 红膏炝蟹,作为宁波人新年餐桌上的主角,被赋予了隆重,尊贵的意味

════════

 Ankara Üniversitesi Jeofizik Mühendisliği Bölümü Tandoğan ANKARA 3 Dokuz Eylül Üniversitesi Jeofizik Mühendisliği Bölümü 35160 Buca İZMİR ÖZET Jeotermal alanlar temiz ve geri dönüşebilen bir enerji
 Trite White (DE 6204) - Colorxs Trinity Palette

════════

Your goal — Would you quote everything above from the line containing "Ankara Üniversitesi Jeofizik" down to the line containing "Trite White (DE"? Include both of those lines and nothing else.

Reply to the exercise —
 Ankara Üniversitesi Jeofizik Mühendisliği Bölümü Tandoğan ANKARA 3 Dokuz Eylül Üniversitesi Jeofizik Mühendisliği Bölümü 35160 Buca İZMİR ÖZET Jeotermal alanlar temiz ve geri dönüşebilen bir enerji
 Trite White (DE 6204) - Colorxs Trinity Palette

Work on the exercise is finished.